Top of DATASET SECTION

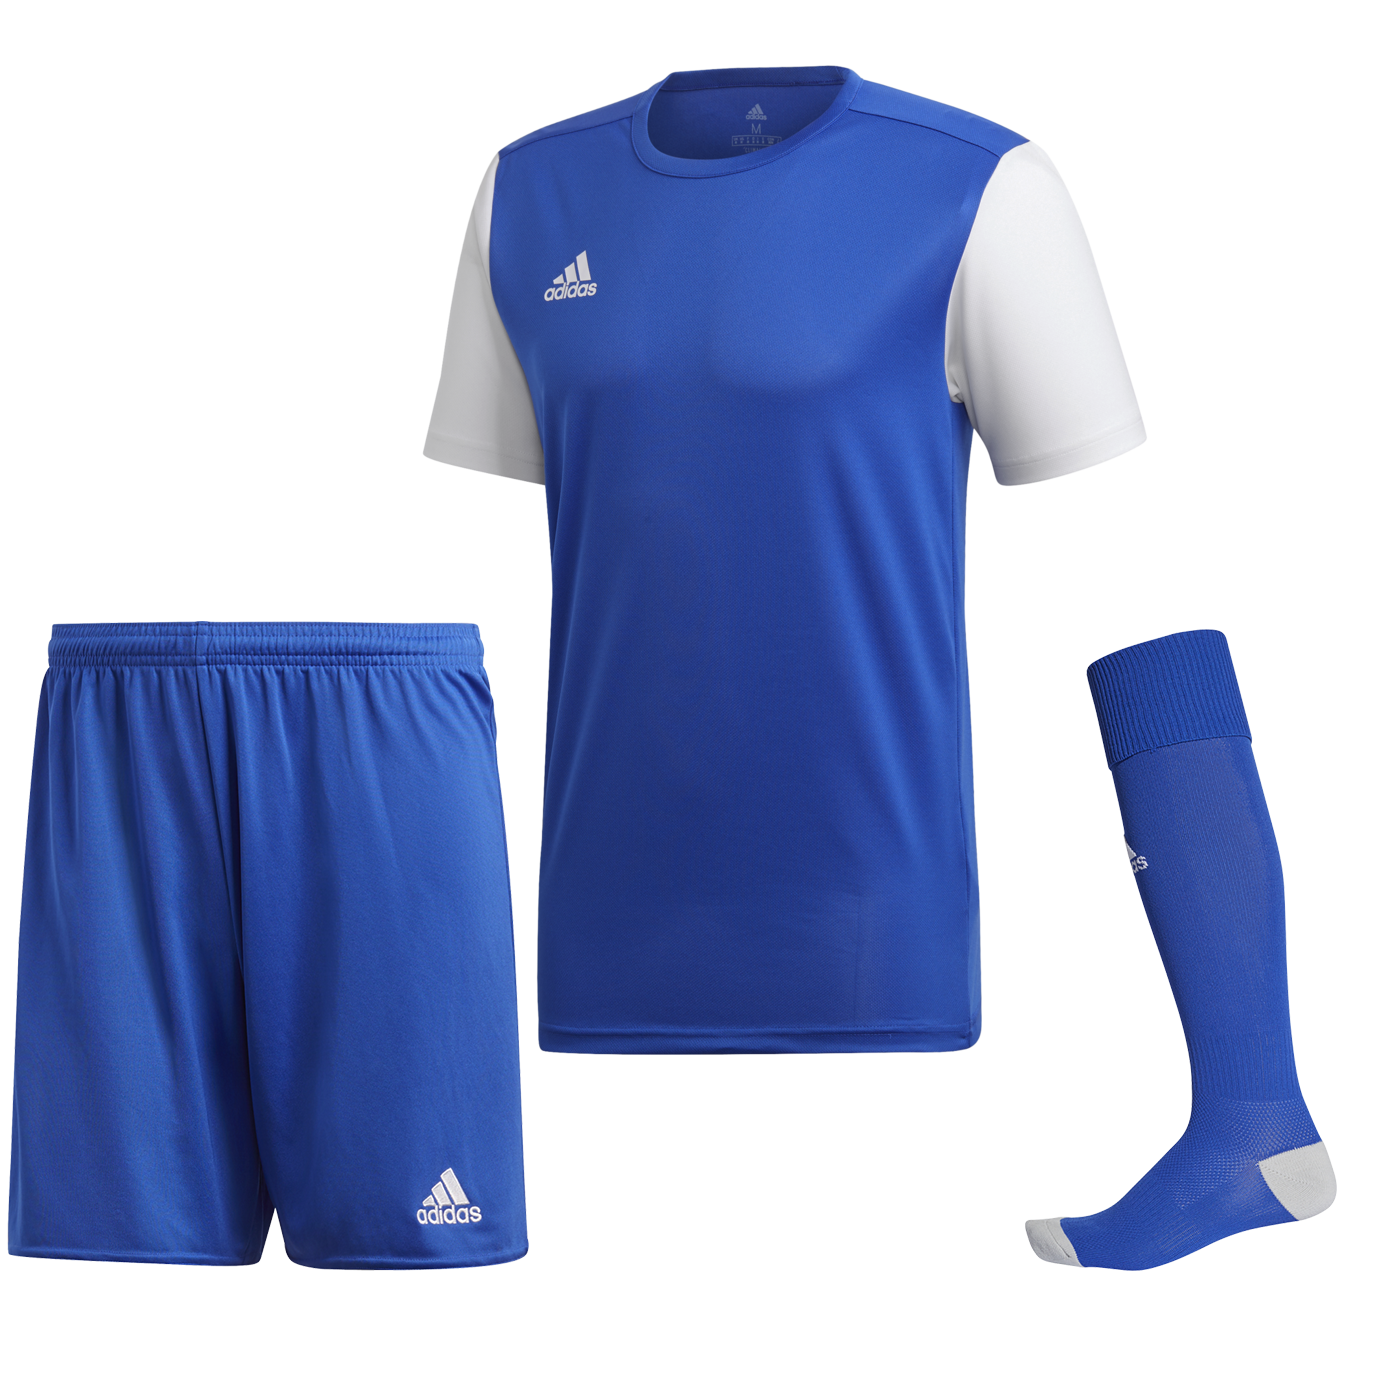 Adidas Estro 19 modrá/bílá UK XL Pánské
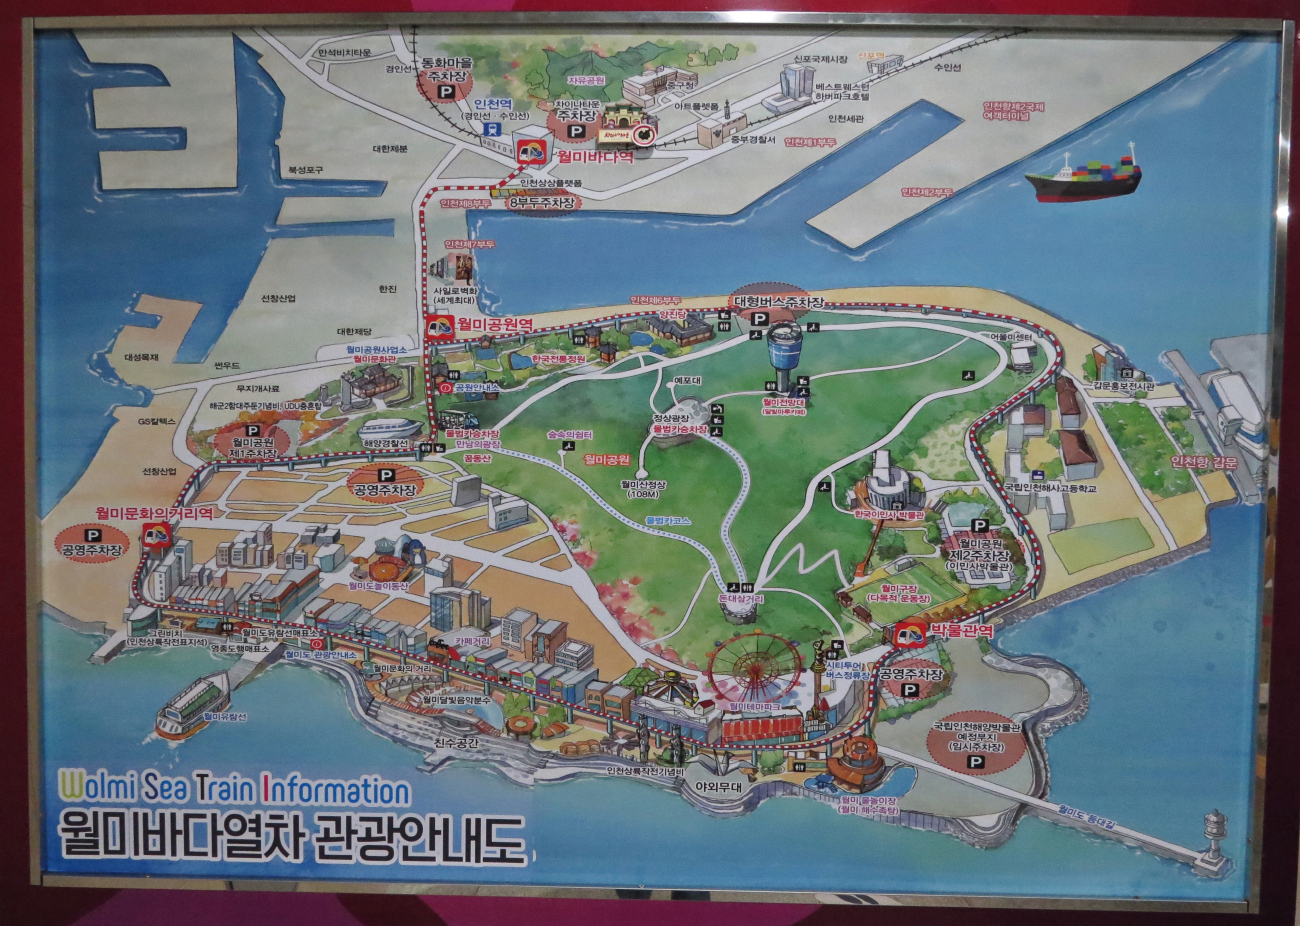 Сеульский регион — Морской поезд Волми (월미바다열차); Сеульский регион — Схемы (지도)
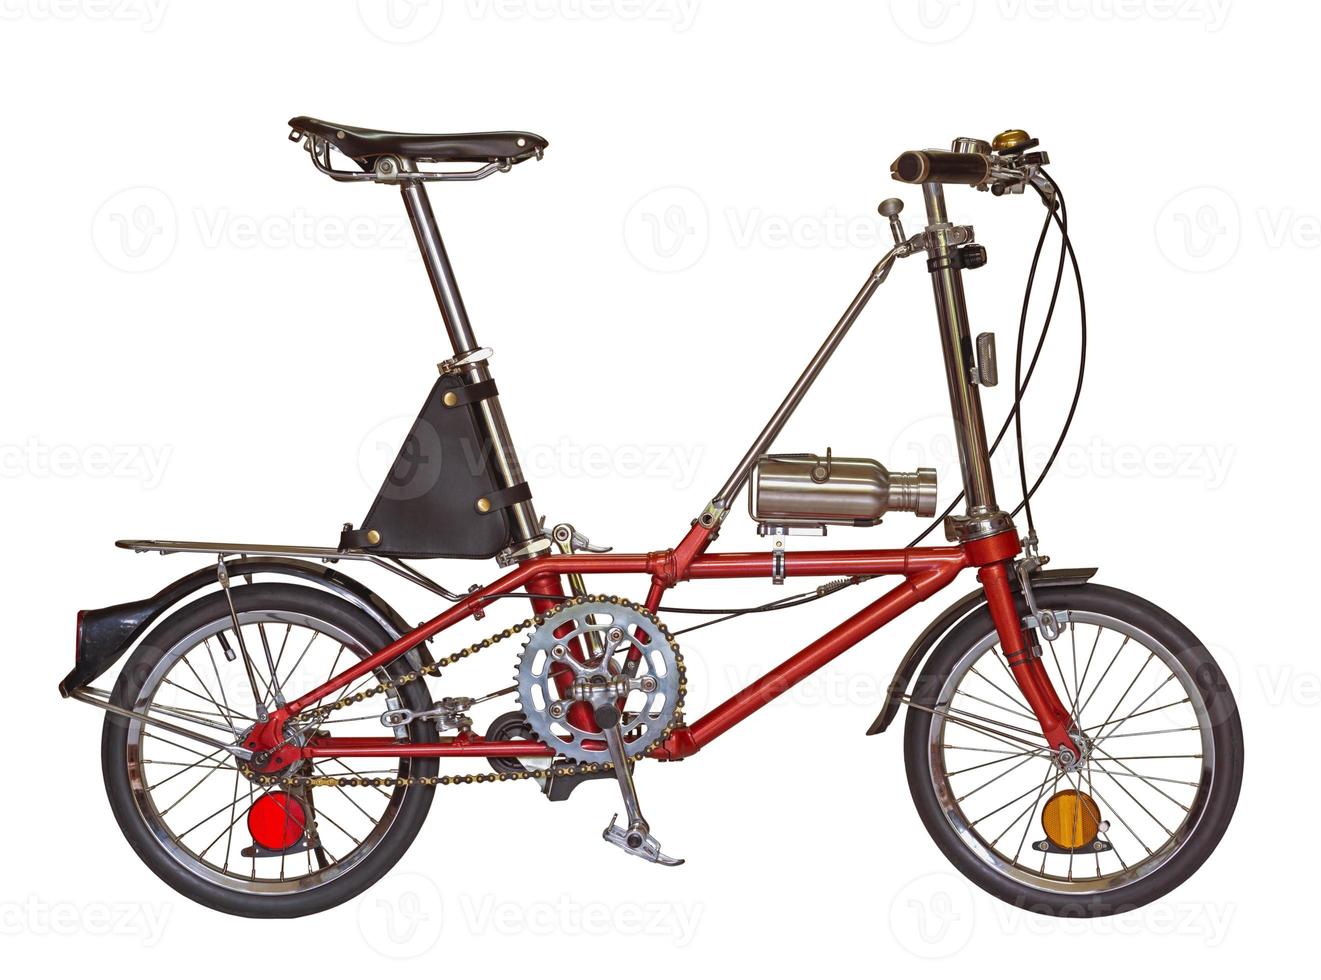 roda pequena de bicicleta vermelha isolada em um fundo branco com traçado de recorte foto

Bottom of DATASET SECTION

TASK BRIEF —
Before copying the data, remove the pictures. Then repeat the rest exactly.

FINISHED EXERCISE —
 Adidas Estro 19 modrá/bílá UK XL Pánské
 Сеульский регион — Морской поезд Волми (월미바다열차); Сеульский регион — Схемы (지도)
 roda pequena de bicicleta vermelha isolada em um fundo branco com traçado de recorte foto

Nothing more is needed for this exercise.